Es ist die Kleidung, die den Körper bedeutungsvoll macht. Aus dem Leib-Sein wird ein Körper-Haben. Die Sprache der Mode verwandelt das Sinnlich-Gegebene in ein Zeichensystem, das Subjektivitäten produziert. Und der Ort, an dem diese Form von begehrten Begierden anderer exemplarisch zum Vorschein kommt, ist der Laufsteg. Eine langgezogene Bühne, auf der Modekörper Kleider zur Schau stellen, wobei das Repertoire von Gebärden, Gesten, Bewegungen und Haltungen relativ beschränkt ist. Mit angehobenem Kinn, gerichtetem Blick und an den Seiten mitschwingenden Armen zieht der Modekörper bis am Ende des Laufstegs seine Linie. Dort angekommen legt er das Gewicht auf eine Hüfte, um sogleich eine gefrorene Pose einzunehmen. Freeze.

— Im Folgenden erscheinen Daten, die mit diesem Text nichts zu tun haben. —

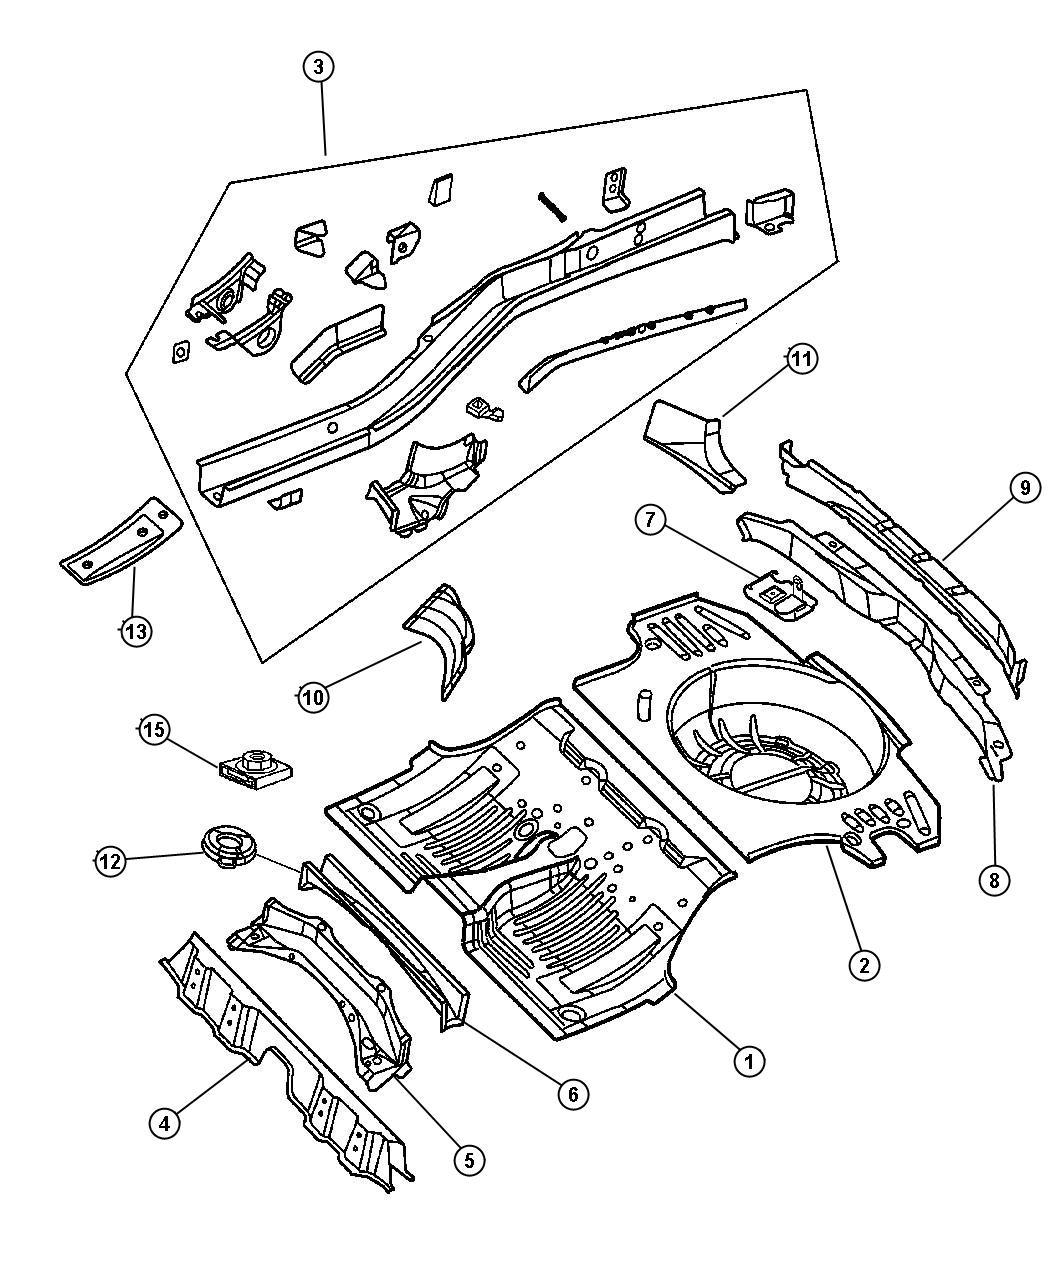 2008 Jeep Patriot Fuel Tank | Wiring Diagram Database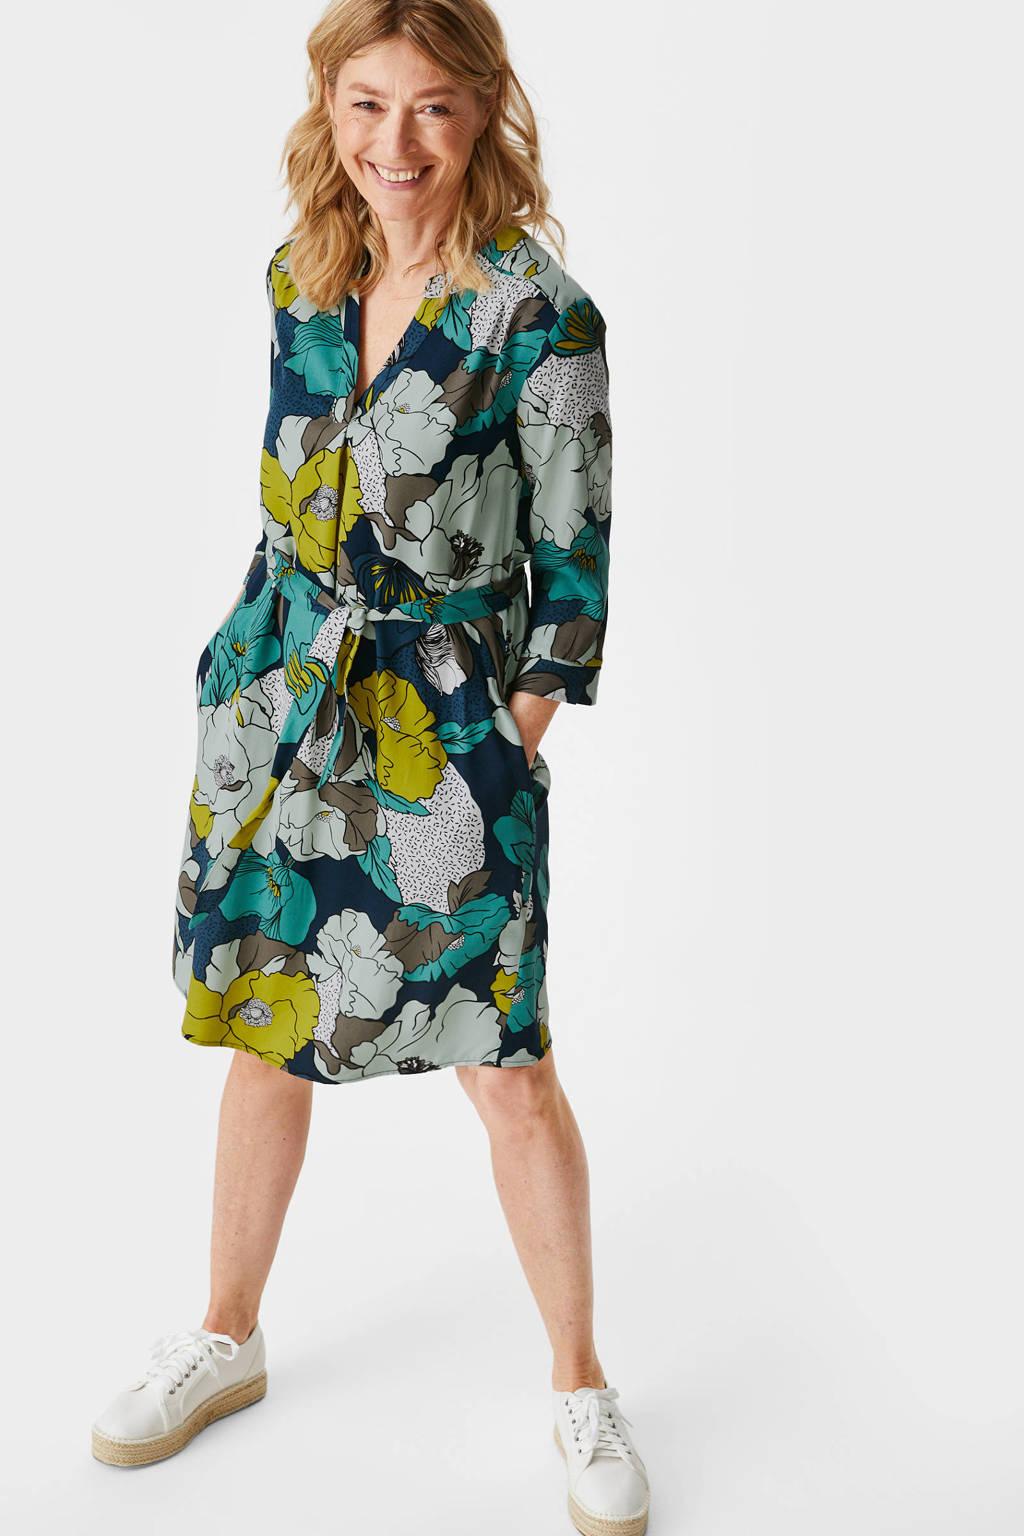 C&A Canda Premium jurk met all over print en ceintuur donkerblauw/geel, Donkerblauw/geel

Voguing wiederum ahmt die Gesten und Posen des werbenden Modekörpers nach und transformiert sie in Tanz. Die Fesseln werden gelöst und die Schwingen geübt. Kreisende und fliessende Regungen der Hände und Arme erweitern die Bewegungsabläufe einer Modeschau. Ein einzelnes Element einer Figur kann so zum Ausgangspunkt einer ganzen Choreographie werden, wie das Gehen auf Zehenspitzen, dass das Tragen von High Heels simuliert. Voguing amplifiziert den Wunsch nach Anerkennung, die Begierde mittels Kleidung, performativer Inszenierung und körperlichen Ausdrucksformen, Posen, Bodendarbietungen und Dips zum Objekt der Begierde anderer zu werden. Die Lust an der Darstellung des Selbst durch das Sich-Verkleiden bietet somit die Möglichkeit, durch die Inkorporierung verschiedenster semiologischer Codes eine Identität zu schaffen, mit der man aus der Gemeinschaft heraussticht. Voguing mit seinen Exuberanz-Formen der Imitation ist in dieser Hinsicht der tänzerische Spiegel einer urbanisierten Gesellschaft am vorübergehenden Ende der Universalgeschichte, wo die angelsächsische Wunschmaschine des Konsums immer differenzierter Begehrlichkeiten weckte und dadurch dem Einzelnen immer mehr Optionen gab, zu werden, wer man gerne sein möchte.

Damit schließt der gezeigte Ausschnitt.